Skip to content

desbma/bdf

Repository files navigation

bdf

Build status AUR version License

Btrfs Duplicate Finder

bdf is a simple tool to efficiently find identical files, candidates for reflinking, on Btrfs filesystems.

In keeping with the Unix philosophy "do one thing and do it well", it finds duplicates not yet reflinked, but does not deduplicate files. It is up to you to decide what to do with the identical files. If you are looking for an easy way to deduplicate that "just works", it is very easy to use bdf's output in a pipeline to deduplicate though, see Auto deduplication.
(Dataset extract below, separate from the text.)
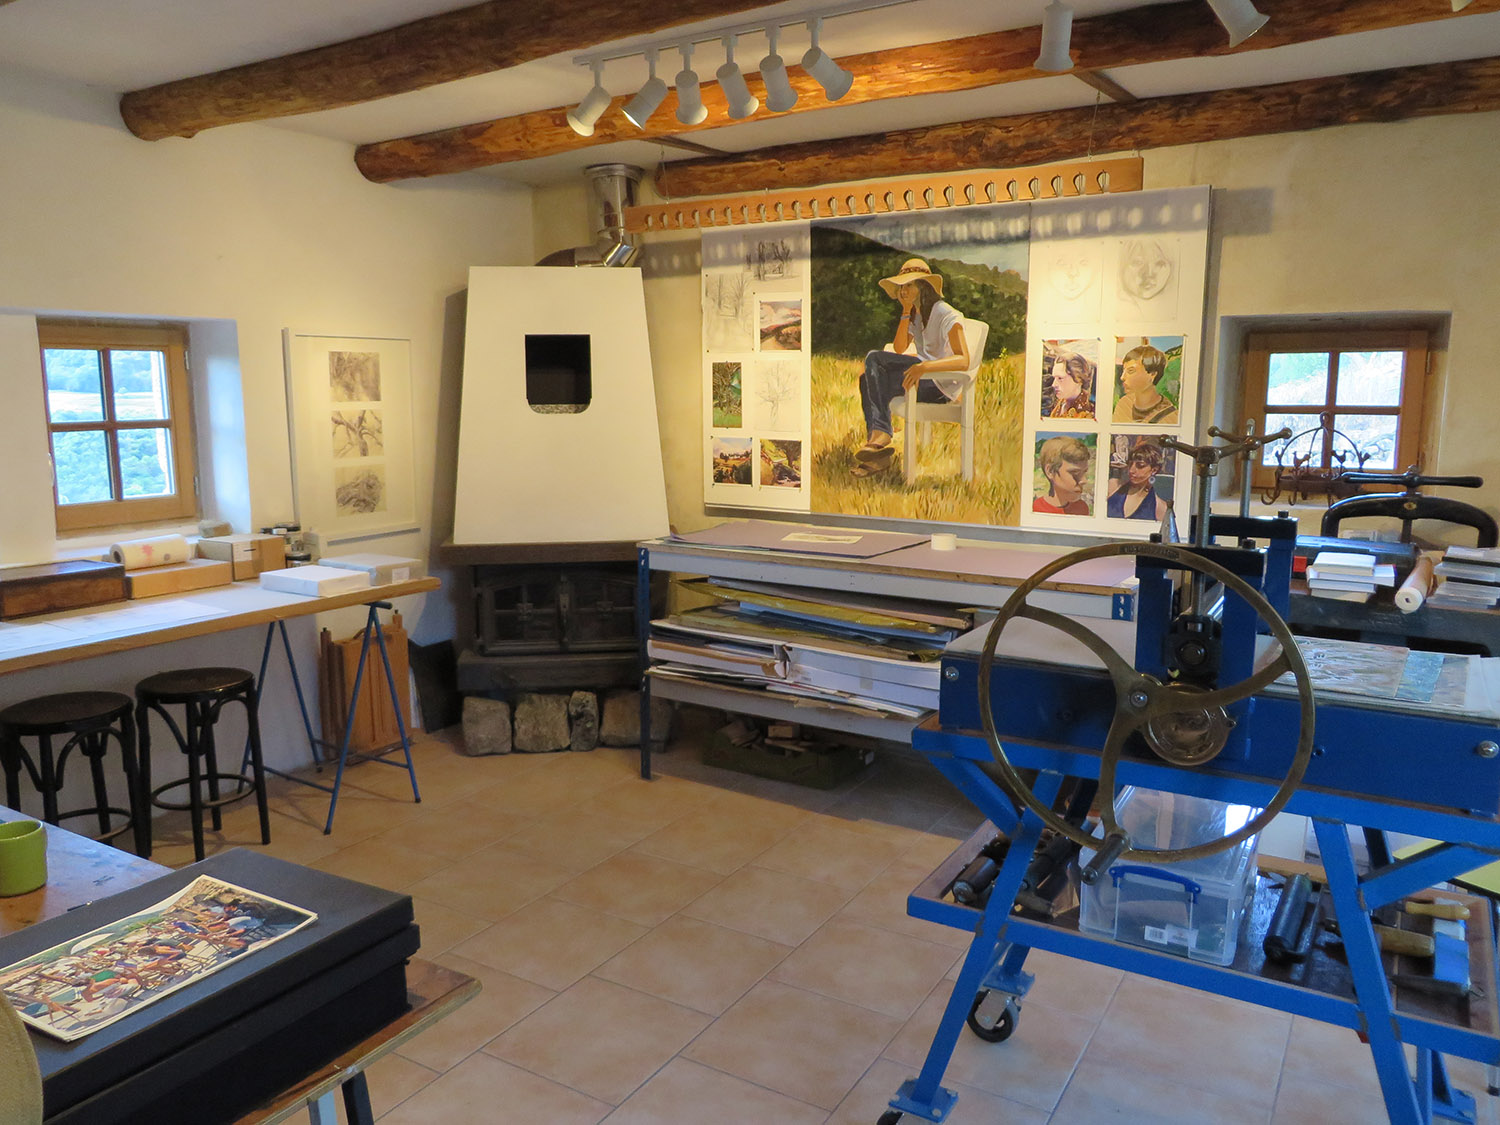  printmaking studio at les tapies summer art programs in europe

Compared to alternative solutions, bdf is fast and simple. It does not store any state or database locally, and does not touch your files, you can even run it on a read only mounted filesystem.

Algorithm summary

  1. For all files, get the file size and compute the XXH3-64 *
  2. For files with similar hashes and size, check the file content (for the extremely unlikely but possible case of a hash collision)
  3. For files with similar content, check if some Btrfs file extents are different (using fiemap)
  4. If some extents are not shared, the files are considered duplicates candidate for reflinking

* Some optimizations take place: we only compute hashes for files having the same size as at least another file. This avoids computing hashes for files which can not be duplicate anyway (the common case), and leads to a major overall speedup. Hashes are also computed in separate threads to make use of multi core CPUs.

Installation

From source

You need a Rust build environment for example from rustup.

cargo build --release
install -Dm 755 -t /usr/local/bin target/release/bdf

From the AUR

Arch Linux users can install the bdf AUR package.

Usage

bdf outputs progress information on stderr, and NUL ('\0') terminated pairs of filepaths to deduplicate on stdout, for easy and safe usage in shell scripts.

See bdf -h for complete command line reference.

Auto deduplication

To automatically deduplicate files in directory target_dir, run bdf with xargs, and deduplicate with cp:

bdf target_dir | xargs -0 -r -p -n 2 cp -v --reflink=always

You will need to confirm before each deduplication (due to xargs -p switch). Be careful because if a file is modified during the analysis, it may get deduplicated although the pair of files are not identical anymore.

License

GPLv3